What this task involves -
Please give back the listing exactly, without any of its pictures.

Data block -
▼

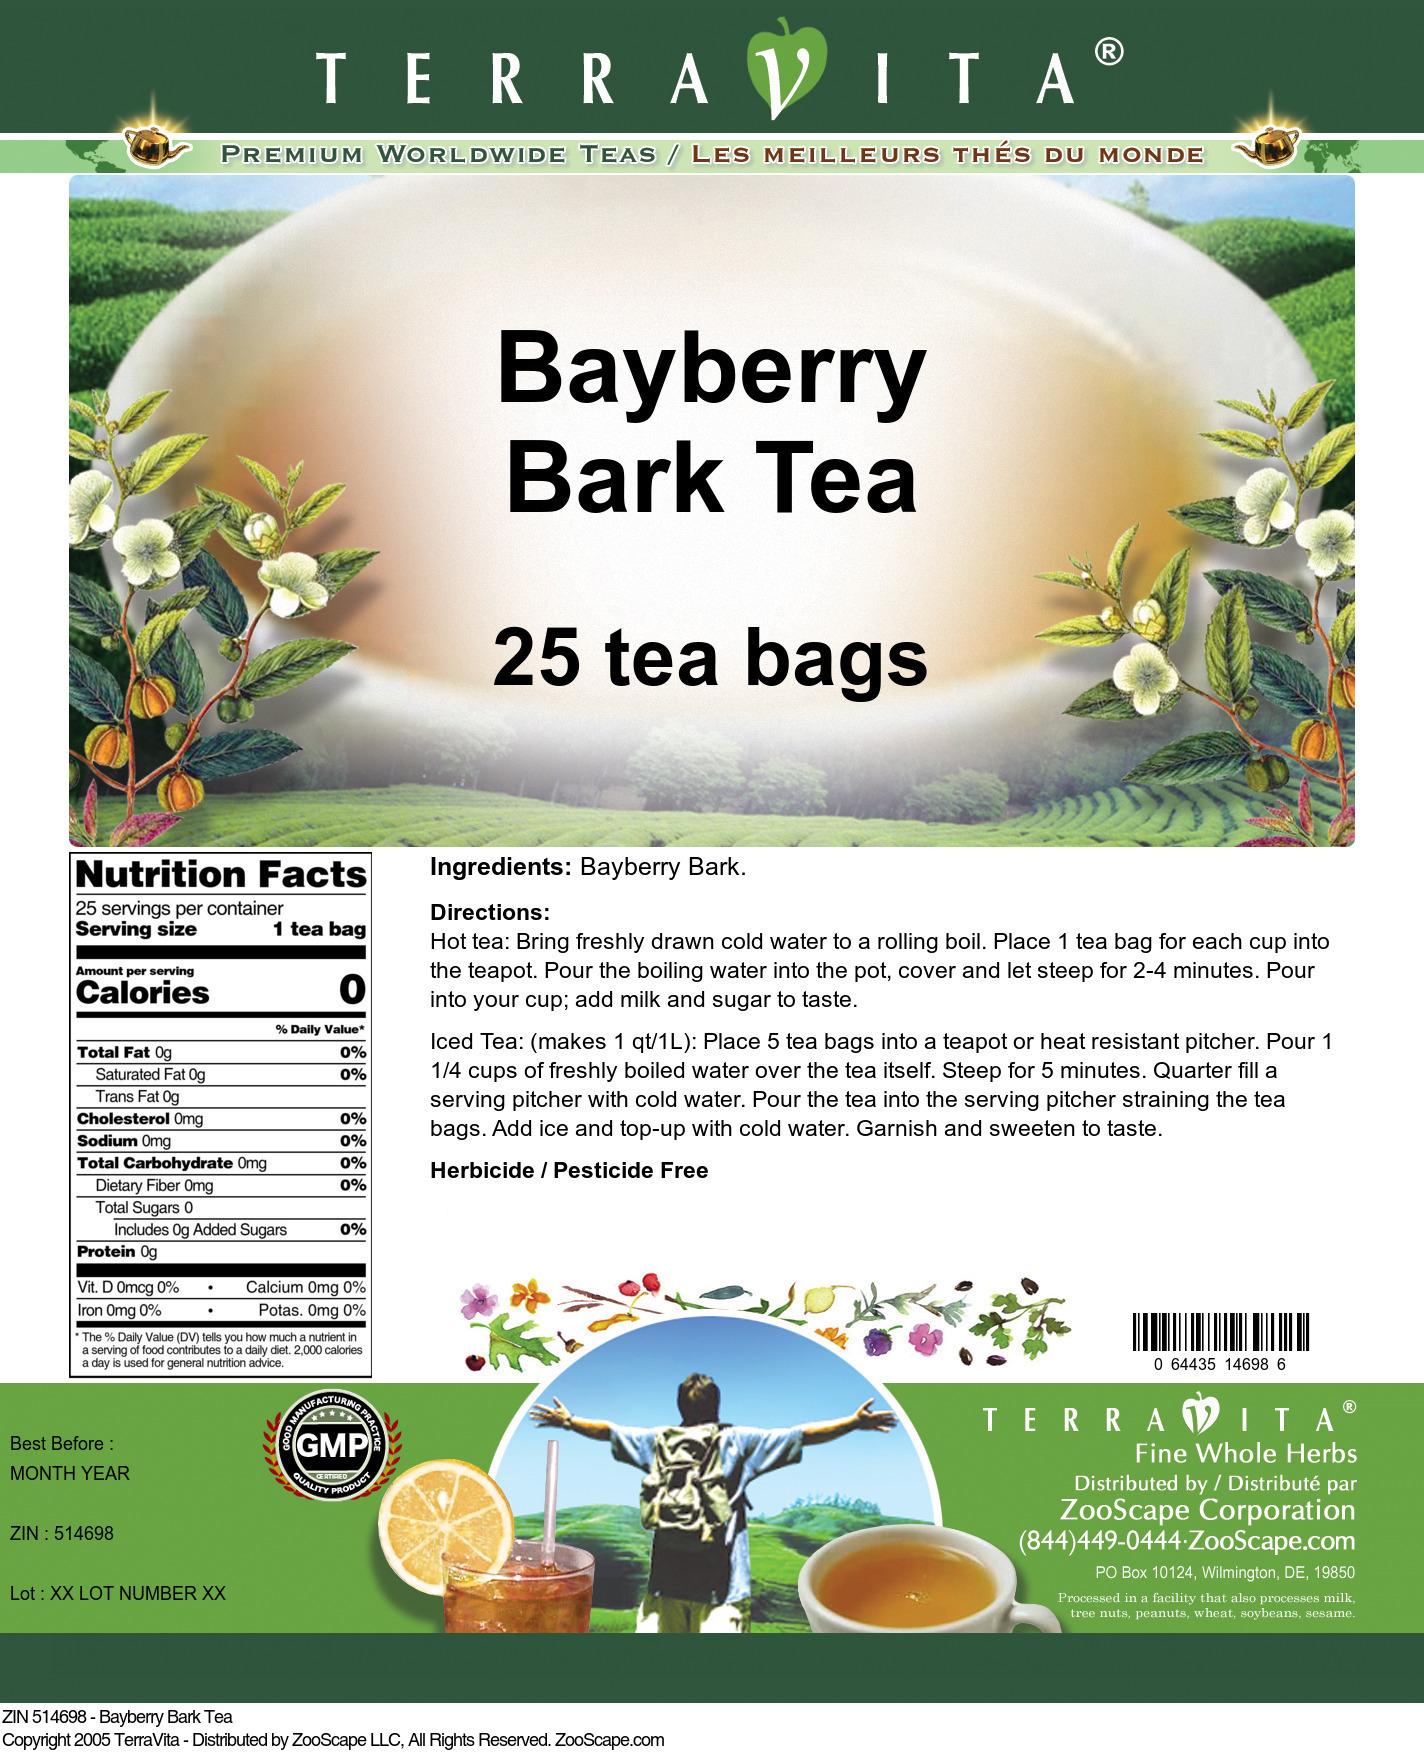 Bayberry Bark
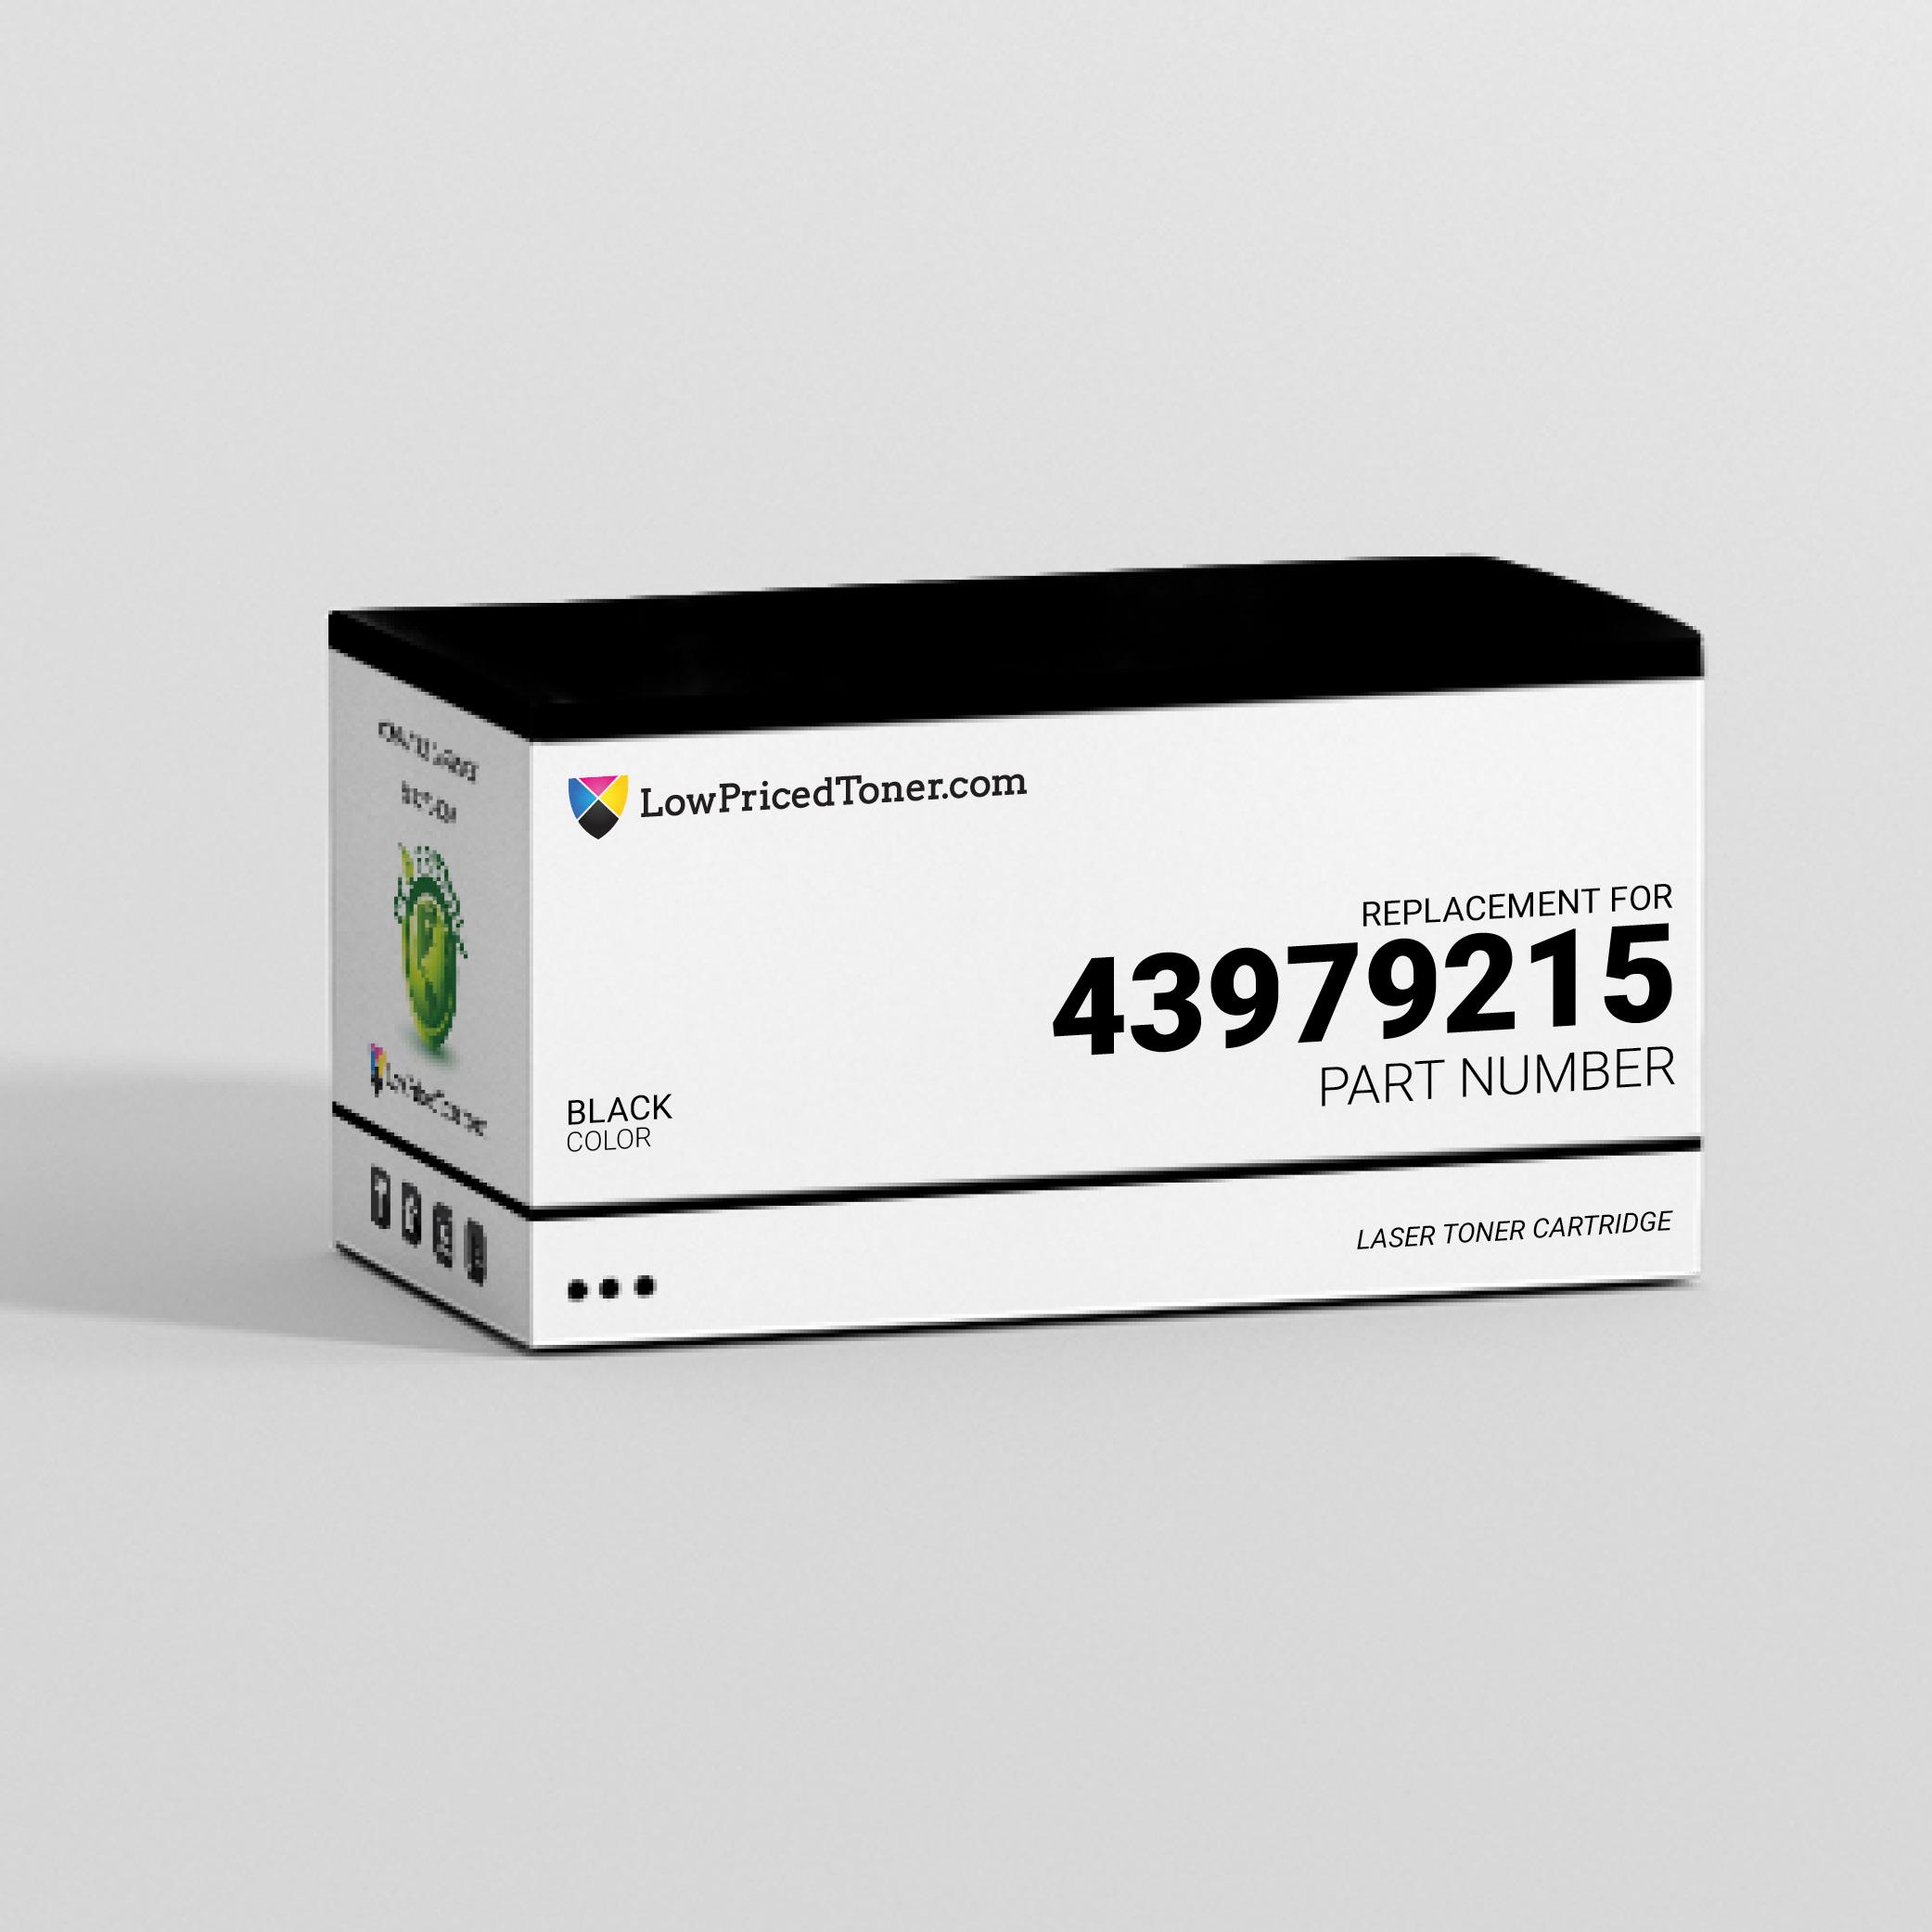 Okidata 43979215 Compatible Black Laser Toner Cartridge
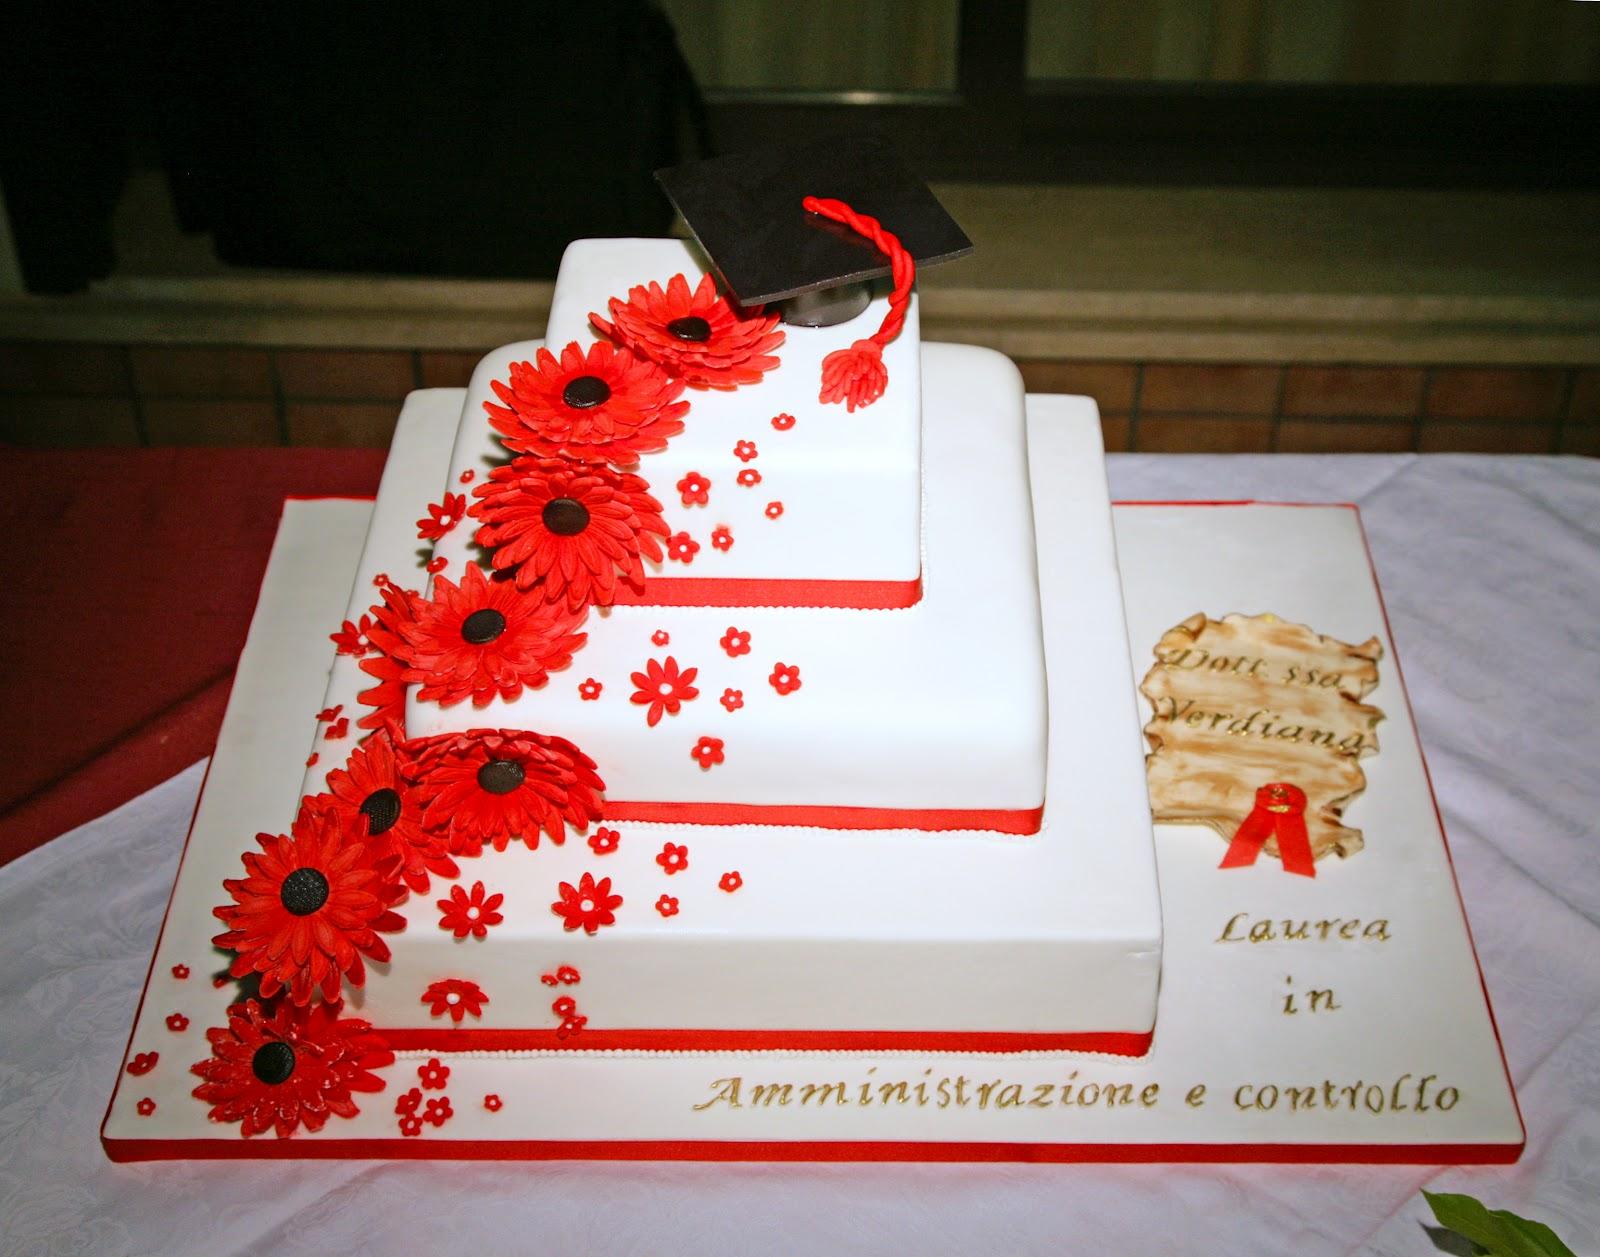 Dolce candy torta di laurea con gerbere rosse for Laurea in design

▲

Answer space -
 Bayberry Bark
 Okidata 43979215 Compatible Black Laser Toner Cartridge
 Dolce candy torta di laurea con gerbere rosse for Laurea in design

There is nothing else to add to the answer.